FOIA4Italy has launched a petition that is now close to collecting 35,000 signatures, and it has outlined 10 essential points for a Freedom of Information Act:
- All are granted the right to access without being required to provide reasons (eliminating those restrictions included in law n. 242/1990).
- All documents, acts, information and data formed, held or in any way possessed by a public subject may become access objects
- This not only applies to the Administration but to any affiliated companies as well as the managers of public services
- Responses from the Administration must be quick (max. 30 days)
- Any exceptions to access must be clearly explained
- Access to digital documents must be free (reproduction costs may not be applied)
- In the case of analogue acts and documents, only the actual cost of reproduction and eventual mailing may be applied
- Whenever access to a specific piece of information has been requested at least three distinct times, the administration must publish that information in the section “A Transparent Administration”
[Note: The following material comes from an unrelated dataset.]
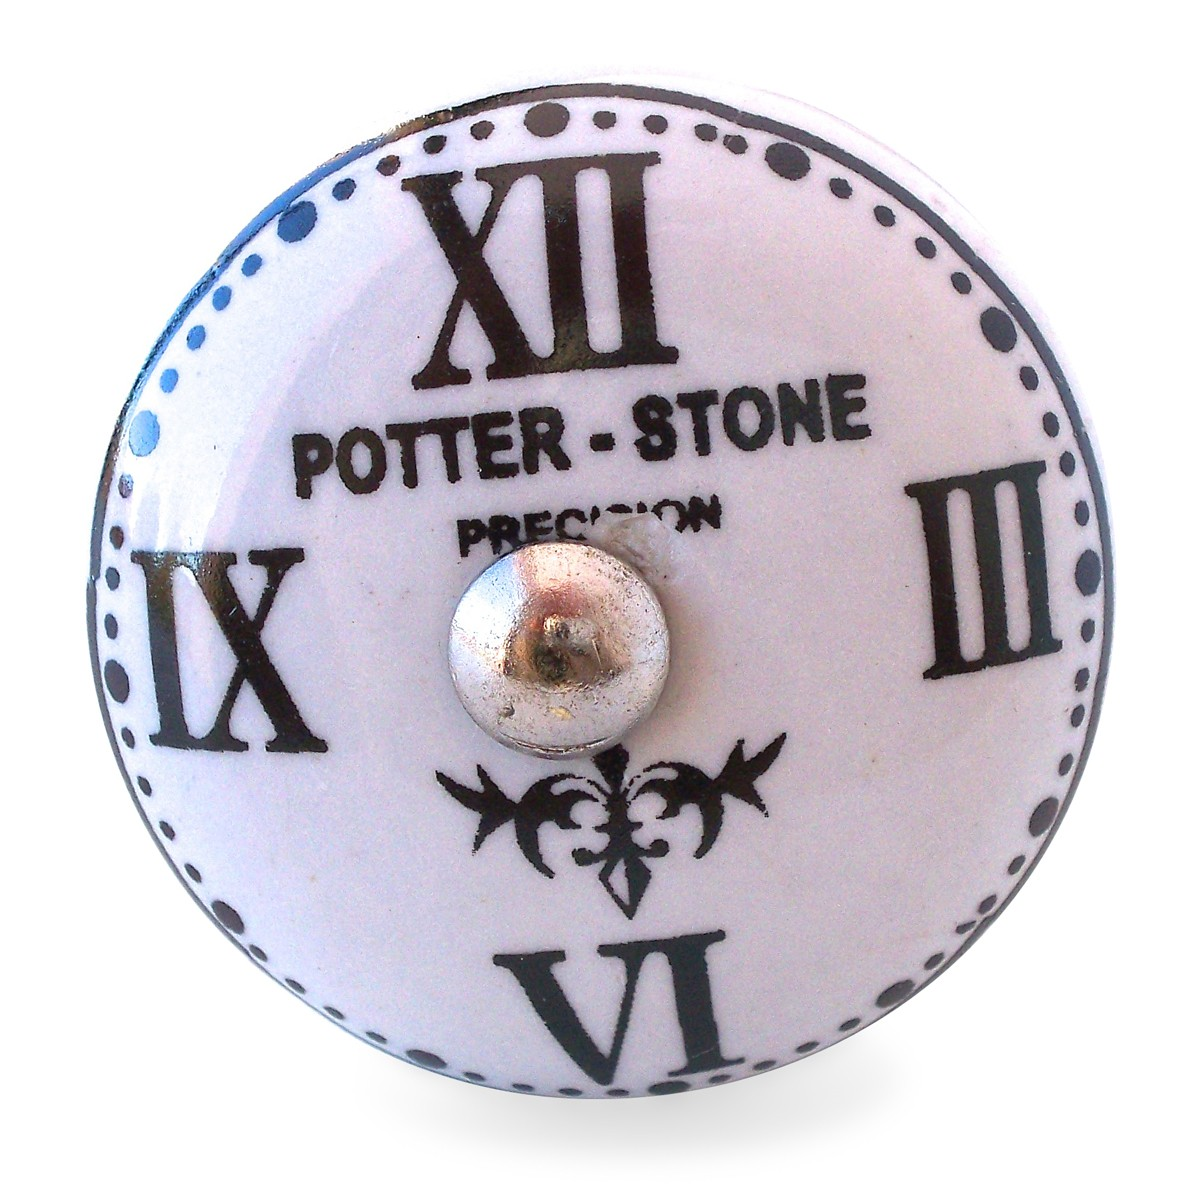 bouton de meuble horloge potter stone industriel. Black Bedroom Furniture Sets. Home Design Ideas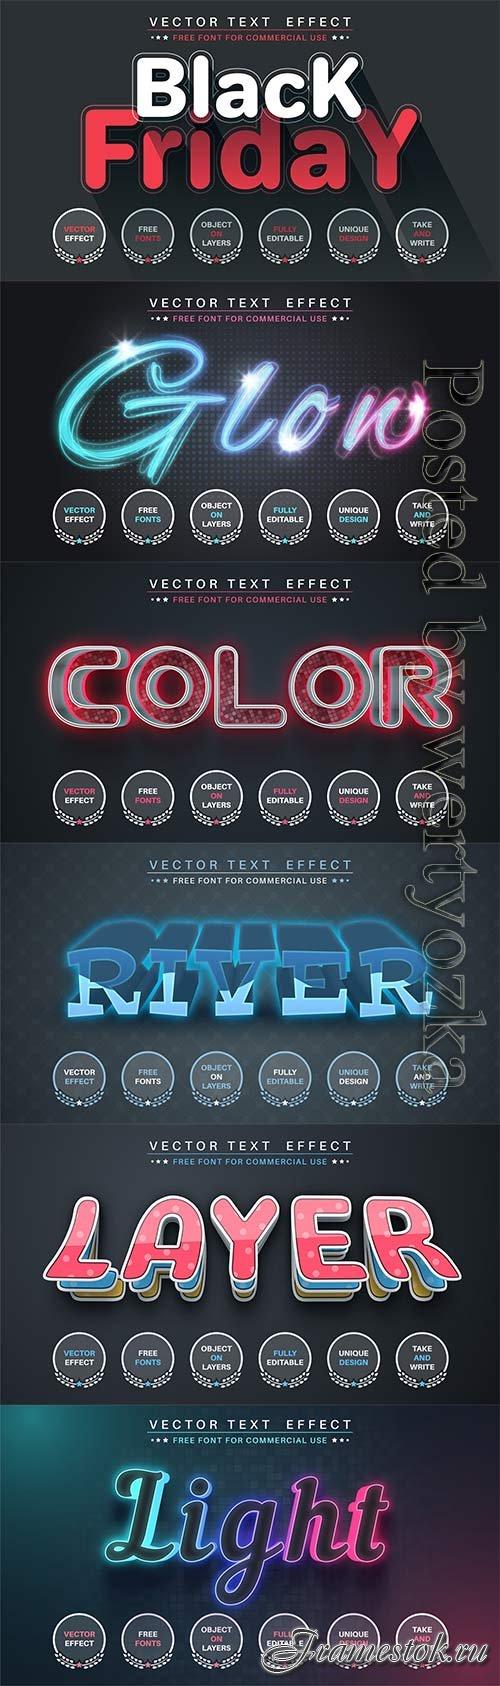 3d editable text style effect vector vol 753

- In the case of a refusal of access, judicial and extrajudicial solutions must be both quick as well as reasonable for the applicant
- Penalties will be applied in the case of illegitimately denied access
On this day the international network of activists FOIAnet has asked: “How has the right to access information made a difference in your country?” We hope to be able to respond in the year to come with the stories of journalists, activists and citizens who have been able to benefit from a Freedom of Information Act here in Italy as well.